A half-hour spent with Tan Dun’s
Ghost Opera brings us
face-to-face with the past, the present and ‘forever’ by employing,
respectively, Bach and Shakespeare, a string quartet plus pipa (a
pear-shaped, fretted lute) and an ensemble of water, stones, metal and
paper. Wu Man plays pipa and doubles with vocals, bowed gong, tam-tam,
Tibetan bells and paper. Kronos double their usual role with vocalizing,
bowing a gong (watch those fillings!) and working a filled water bowl.
Water is in fact the first thing we hear. Thereafter, three members of
Kronos play a tender transcription of part of the Fourth Prelude from
the First Book of Bach’s Well-Tempered Clavier – a leitmotiv that
assumes especial poignancy in the third movement, or Third Act (there
are five acts in all), where it converges with a Chinese folk-song to
beautiful effect. The Fourth Act, “Metal and Stone”, a vivid study in
aural perspectives and a hive of invention (some of it syncopated),
transforms into the last act via a prominent gong stroke. Dun’s ethereal
finale introduces a little girl’s lament for her lost parents and
witnesses the gradual break-up of the Bach Prelude.

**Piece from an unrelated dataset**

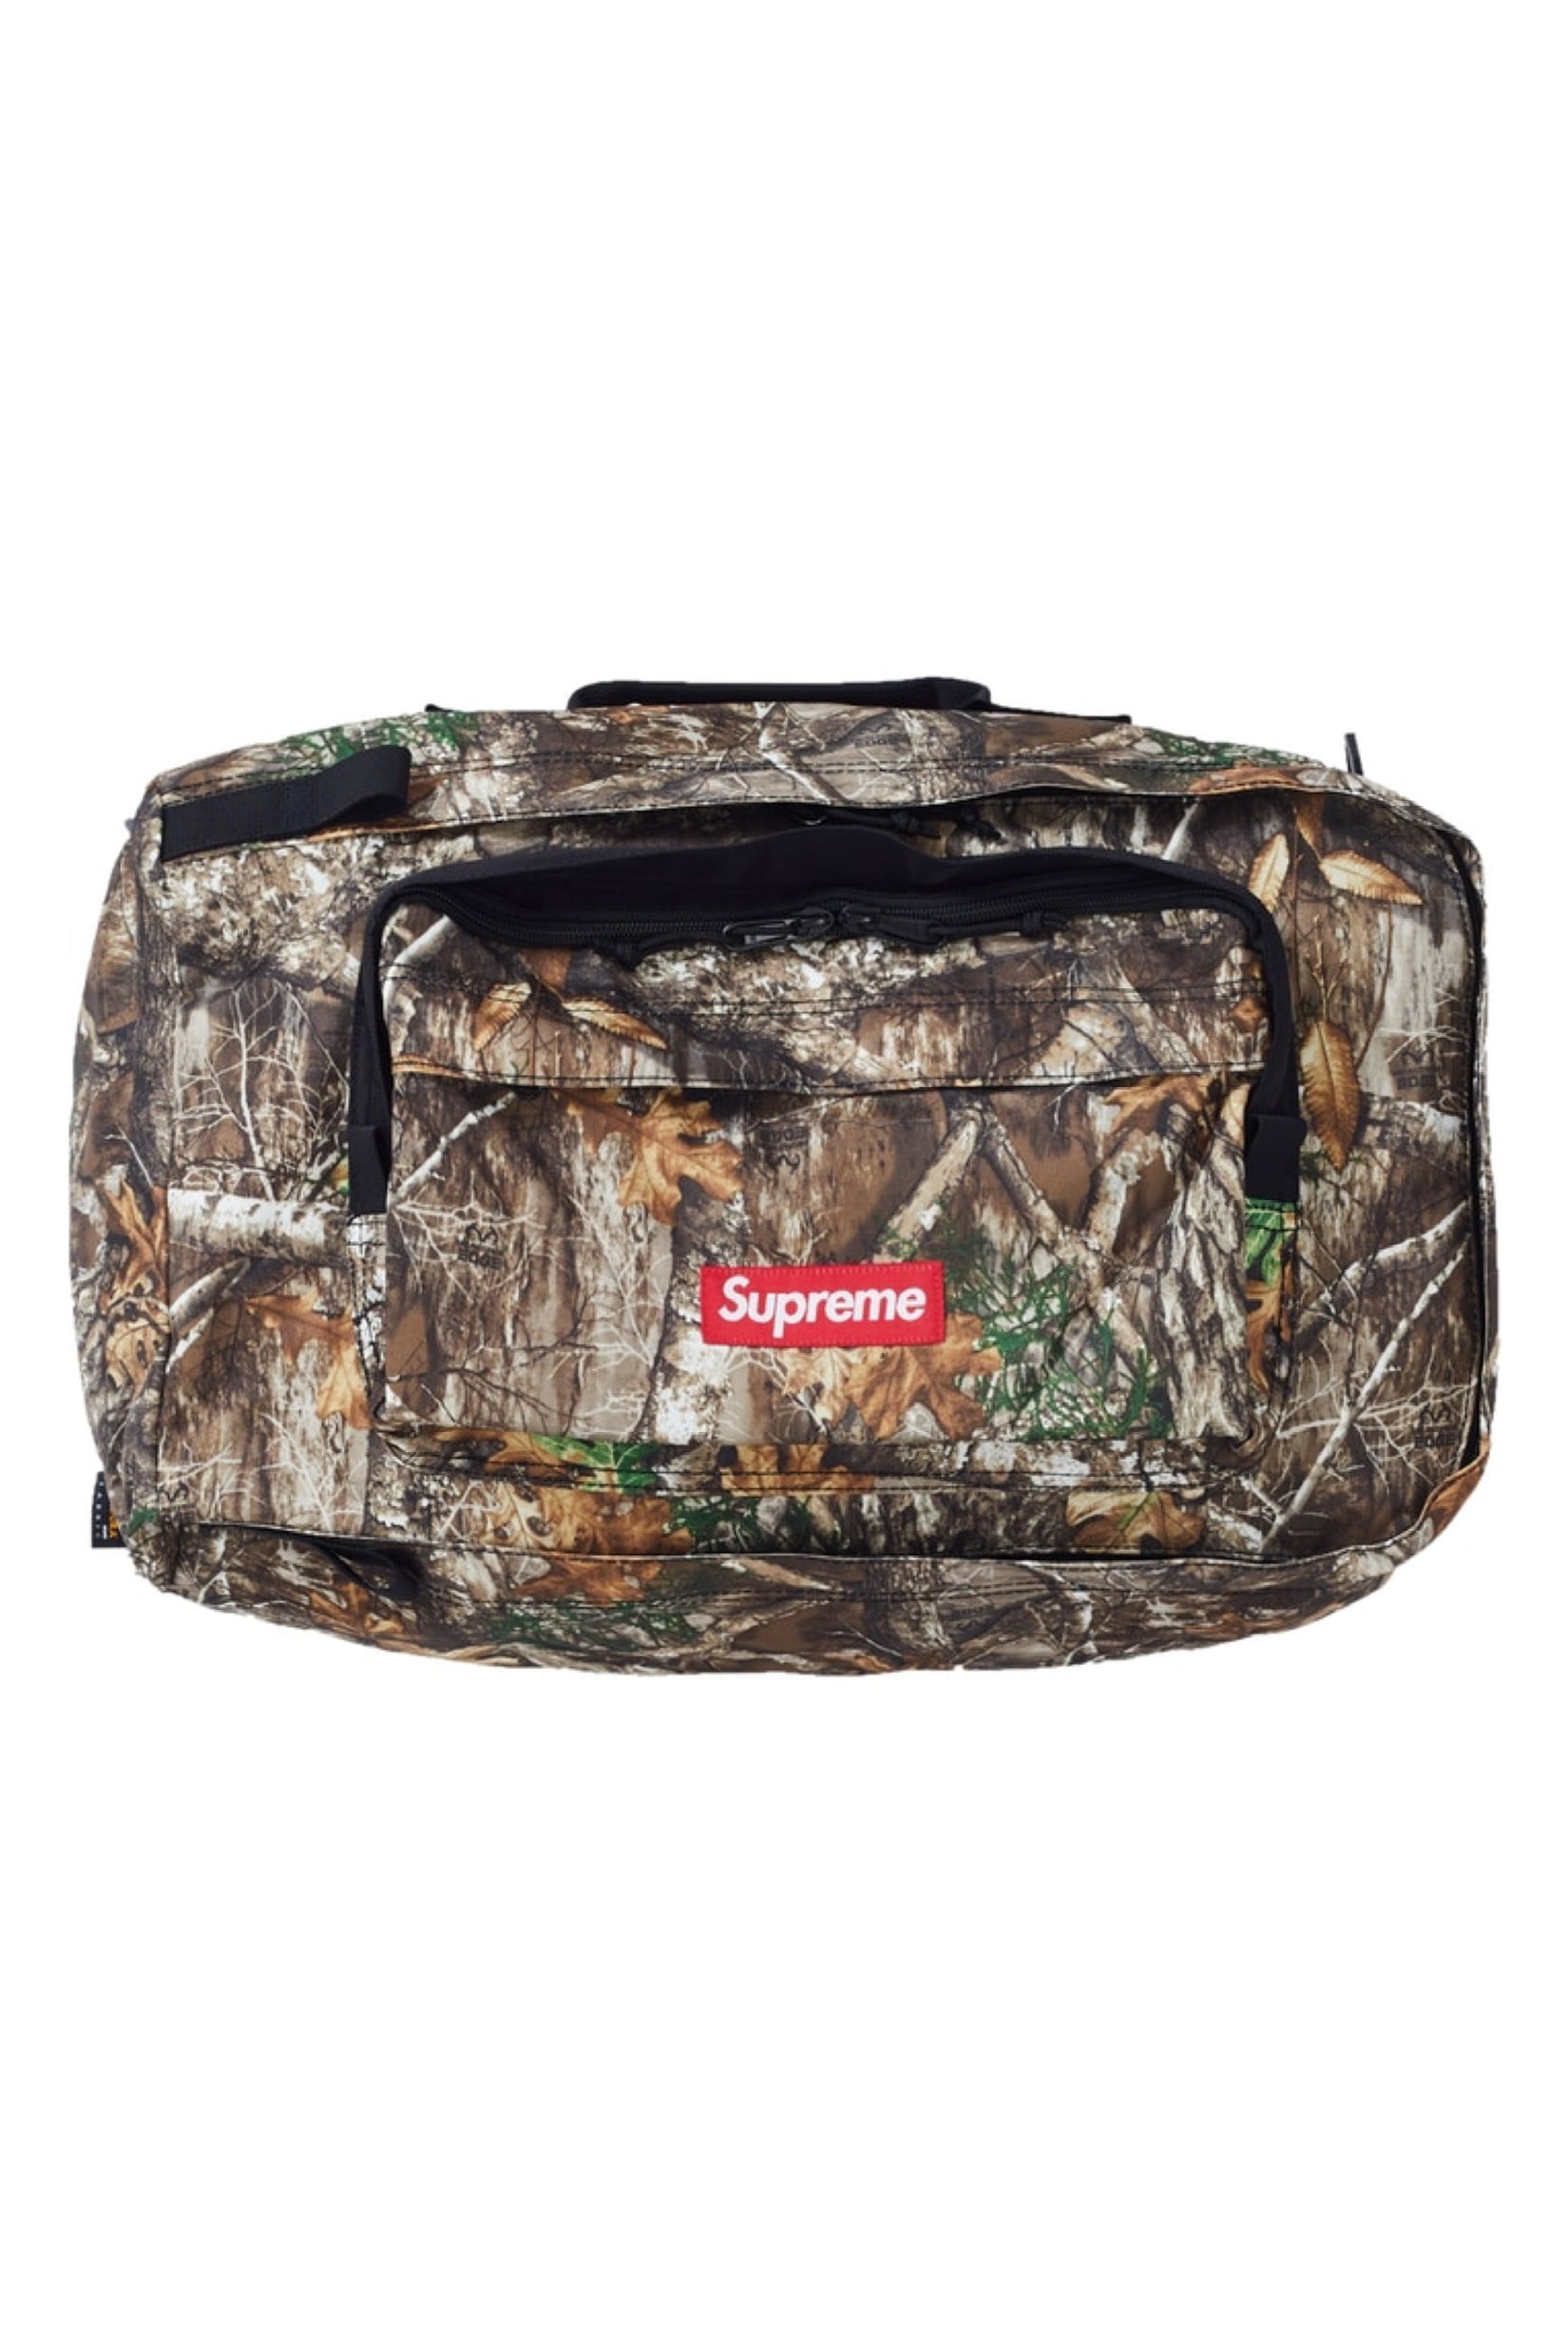 Supreme - Supreme Duffle Bag (FW19) Real Tree Camo - Walmart.com
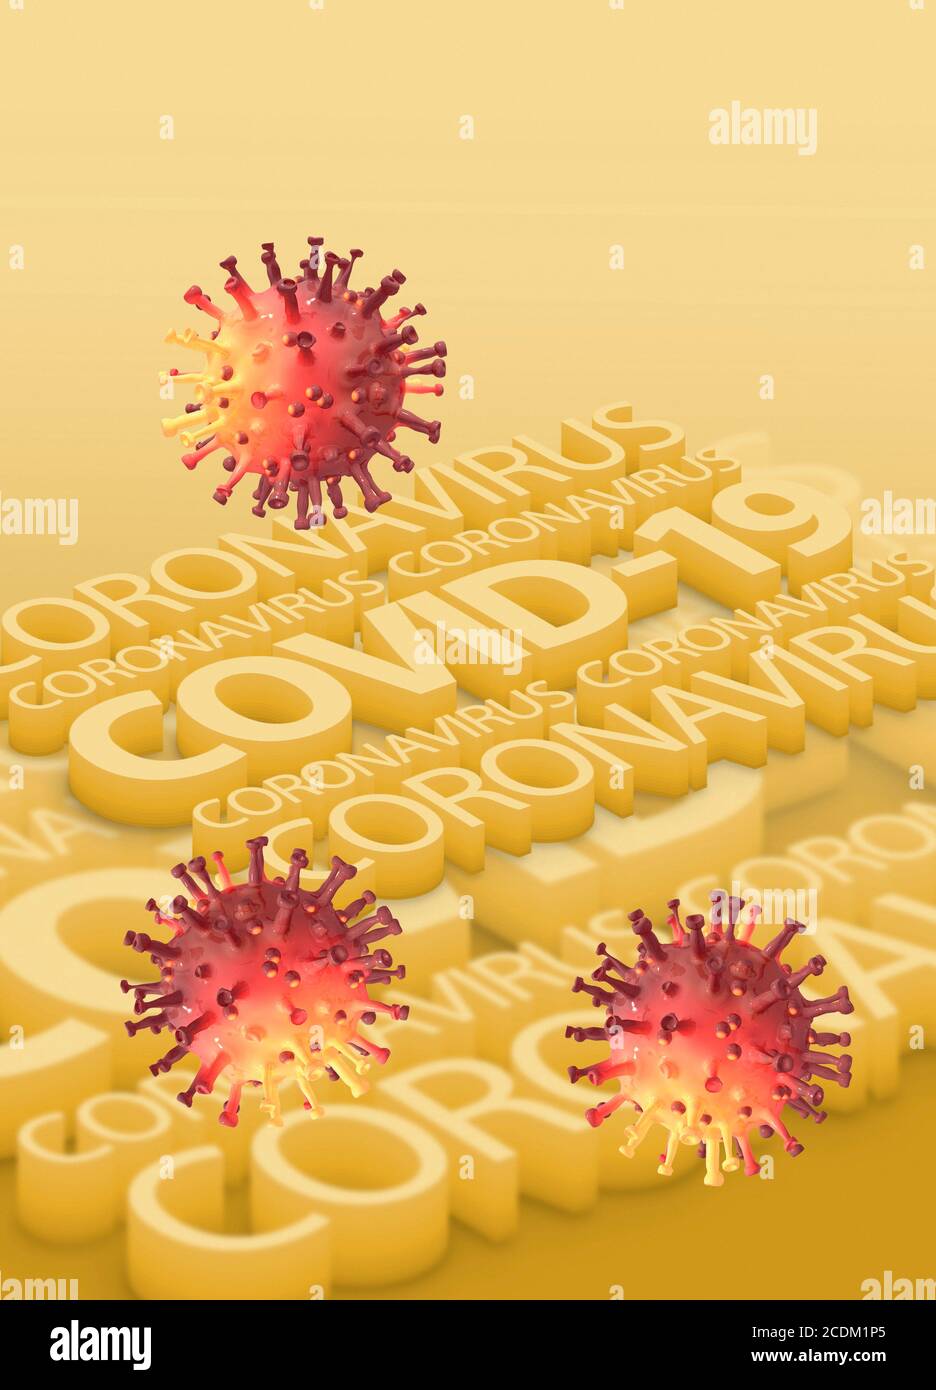 Covid-19 Coronavirus, konzeptuelle Illustration. Das neue Coronavirus SARS-CoV-2 trat im Dezember 2019 in Wuhan, China, auf und verbreitete sich weltweit. Das Virus verursacht eine leichte Atemwegserkrankung (Covid-19), die sich zu einer Lungenentzündung entwickeln und in einigen Fällen tödlich enden kann. Stockfoto

Ghost Opera was composed in 1994 and grew from an ancient tradition, where being
rewarded after death is taken as read and everyone enters into dialogue
with time. The libretto merges Shakespeare (“We are such stuff as dreams
are made on...”), folk-song and the singing of monks, but Dun’s real
mastery lies in the way he juxtaposes his ideas, delicately,
dramatically, and alternating tactile sounds with the glow of Bach or
the simplicity of folk-song. Some of the string writing echoes Chinese
popular music (both in its compositional style and the way it is
realized by Kronos), but it would be difficult to separate any one
component of what is in effect a compact montage-cum-music-drama. It
certainly says much for Kronos that they enter the spirit so
convincingly (their vocal exclamations sound decidedly local), and the
excellent recording does their efforts full justice.
Not one for
every day of the week, perhaps, but an elevated form of ‘fusion’ that
reaffirms the creative good sense of merging East with West.'
(Gramophone)
thank you very much, I am so anxious to listen to that...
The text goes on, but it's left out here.